Last week you might have seen a tweet about a day in the life of a Data Platform Consultant. To say the least, my days are varied.This day, in particular, I was split between building out automated ETL tests using Biml and spinning up a new Azure Data Lake. Up until recently, I would have thought of those two as unrelated, but something very interesting has come from that day. I’m starting to see that all this buzz around big data and newer technologies like Hadoop aren’t as new as you think.
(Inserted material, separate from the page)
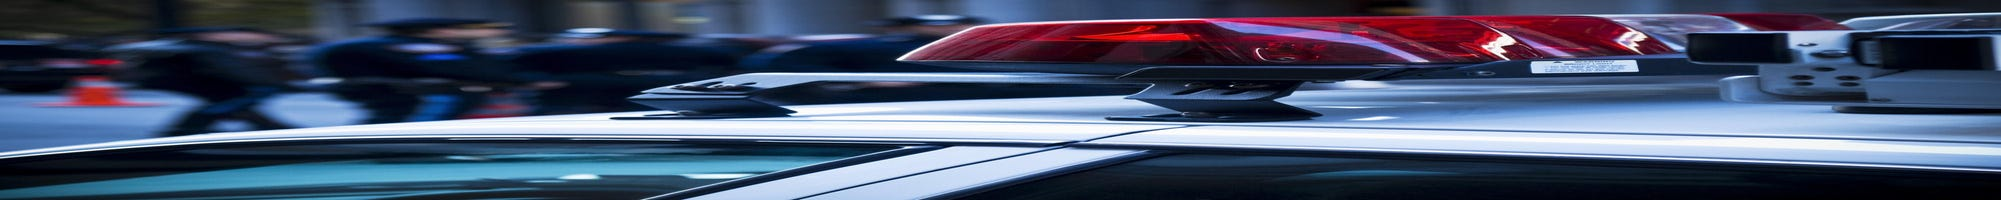 Police Blotter: Stolen truck in Hanover; DWI in Washington Twp.

Turns out there are three basic zones or areas to a data lake. Raw, Managed, and Presentation.
The raw zone should be optimized for fast storage. The goal is to get the data in as quickly as possible. Don’t make any changes to this data. You want it stored as close to the original format as possible. It sounds just like staged data to me. Data you’d build an extract package to get from source to your staging environment, right?
Maybe you’re thinking this is just a coincidence…let’s move on.
The next zone is often called the standardized, or managed zone. This zone holds data that has been cleaned up. It could be that data has been standardized into a common format. If you have sources with multiple layouts, you pull out the shared or standardized data and store that here. You may even convert some data types, or perform some lookups to get the data ready for further analysis later. Sounds awfully similar to your transform schema between your stage and Operational Data Store (ODS) or Data Warehouse(DW), doesn’t it?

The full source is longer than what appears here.